A memory. I was in elementary school. I was sleeping over at my friend CB's house, and we stayed up late watching television in the den with CB's big sister A, who was three or four years older than we were. A fell asleep on the sofa, and before CB and I went upstairs to bed, CB gently pulled a blanket over her sister's sleeping body. I was completely arrested: CB's act struck me with the force of a slap. CB literally never spoke positively of her sister, and at least half of the interactions that I had ever witnessed between them were argumentative, often to the point of tears. I was shocked beyond all belief that she would behave so affectionately, so tenderly to the person that I thought of as her enemy - and it wasn't even especially cold in the house! The gesture seemed, first of all, crazily grown-up, and second of all, like something that would happen in a storybook, or a romance, or a game of make-believe. It related to nothing in my personal experience, nothing at all.
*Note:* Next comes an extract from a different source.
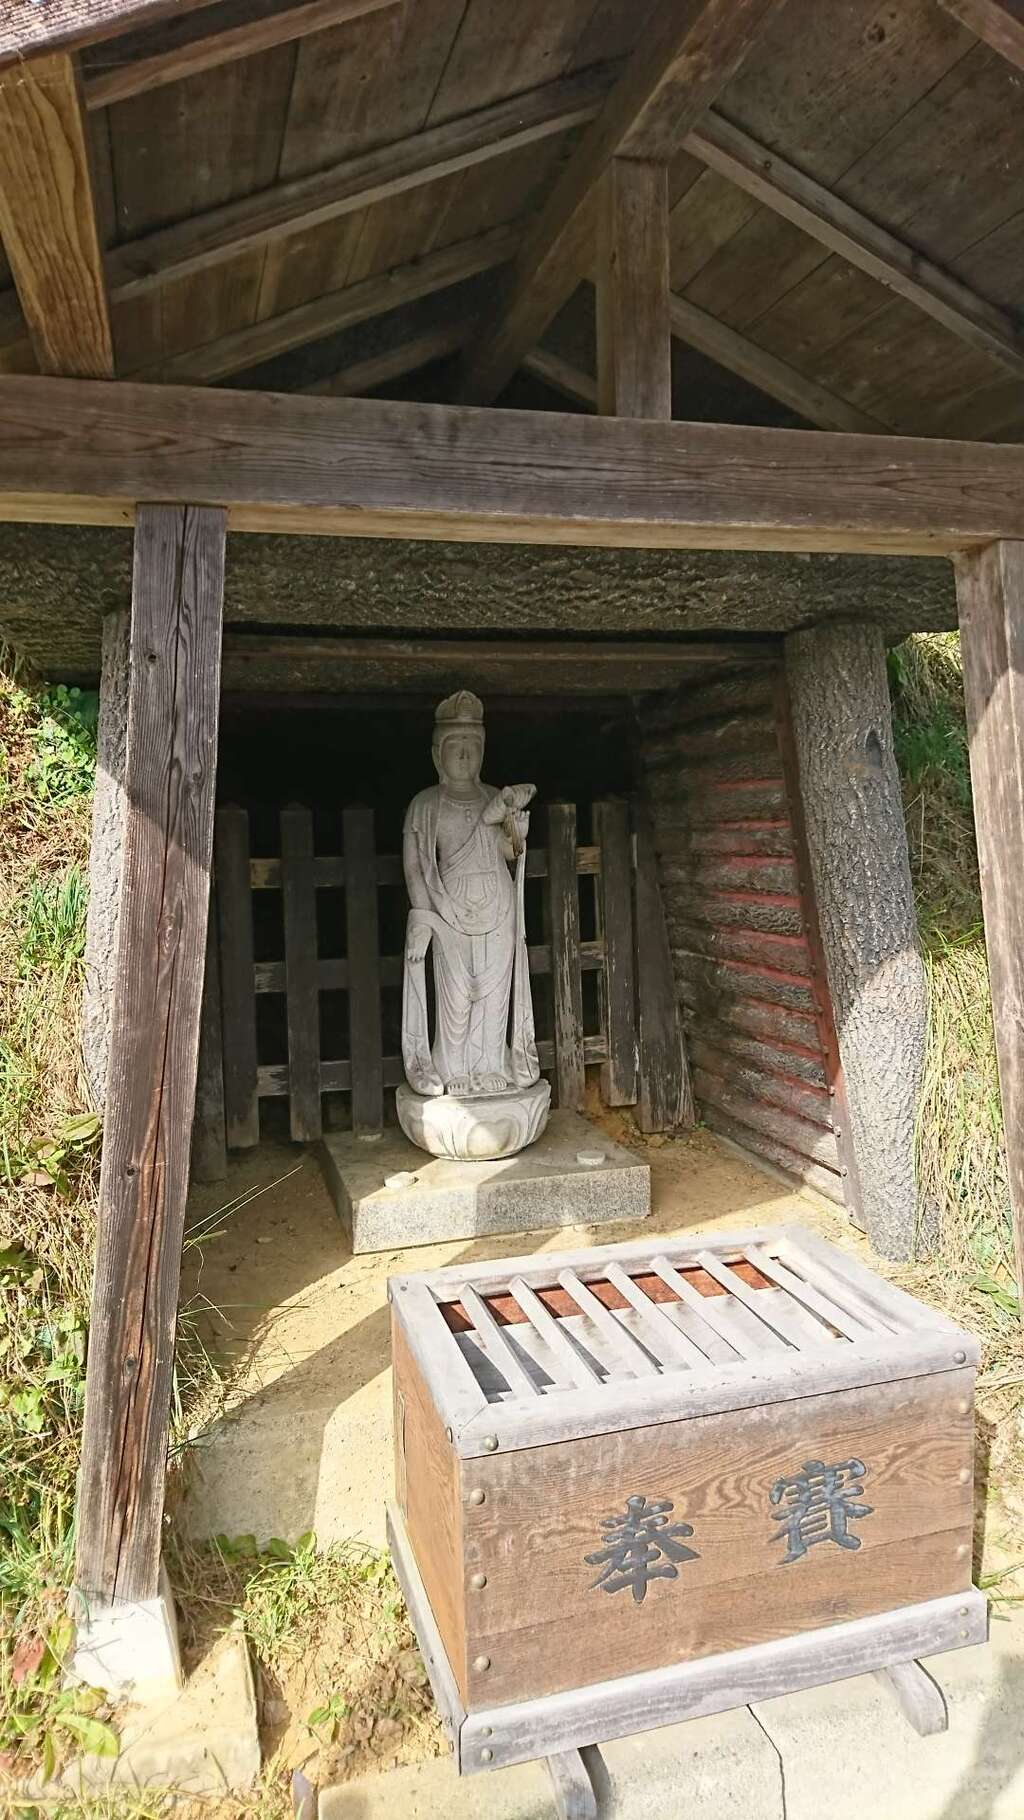 天照御祖神社の仏像

Another memory. I had just started high school, and I was visiting my new friend E's house for the first time. Her little sister was over ten years younger than we were, still in preschool, still in that stage of childhood where you are not quite talking or moving like a regular human being. She said some babble-y thing or another to E, and E responded to her cheerfully, calling her "honey." My attention was riveted by that one endearment, and I thought about it for days. It seemed crazy that E actually lived with a person who she called "honey." I had never called anyone "honey" in my entire life. Like what I had seen with CB and E, it spoke to me of something completely outside of my sphere: a fully-formed, mutual, peer-to-peer emotional connection of a sort that could not be had with a parent, or really with any adult at all.

I don't mean to say that there's anything wrong with being an only child, and I certainly don't mean to suggest that my parents impoverished my experience by not having more children. This is not about "happy childhood" versus "unhappy childhood," and even if it were, I'm not such a caveman as to think that number of siblings is the single all-important determinant of the quality of one's early experience. Also, I know that nothing is universal: similar metrics, so to speak (like having zero siblings, or one, or seven), will produce different experiences for different people. I am sure that there are plenty of only children whose emotional memories are entirely unlike mine, and plenty of one-of-fives whose emotional memories are surprisingly similar.

That said, I'm glad that my children have each other. Each is the third leg of the other's stool; they can think and speak not only of "my mother" and "my father," but also of "my brother."  Their "us" could mean all four of us together, or it could mean just them. They are on their own team, together. Not for them the forced inarticulacy of onlyhood: each can speak the other's experience. I can't help but think that, all other things being equal (which of course they never are), this is the better way to grow up.

My parents still live in Reston, Virginia, on Chimney House Road, in the house in which I grew up. When we visit, I watch my children move through the same spaces that I did as a child. They play, eat, sleep, bathe, and pee exactly where I did, and I take them to the same pools, the same zoos, the same playgrounds and parks. I watch their memories forming amidst the echoes of my own. I know that no matter how else their childhood memories may end up diverging from or cleaving to mine, at least one thing will be completely different: their memories will be populated by each other. I can't help but see that difference as a gift, and I can't help but feel proud that I'm the one who bestowed it.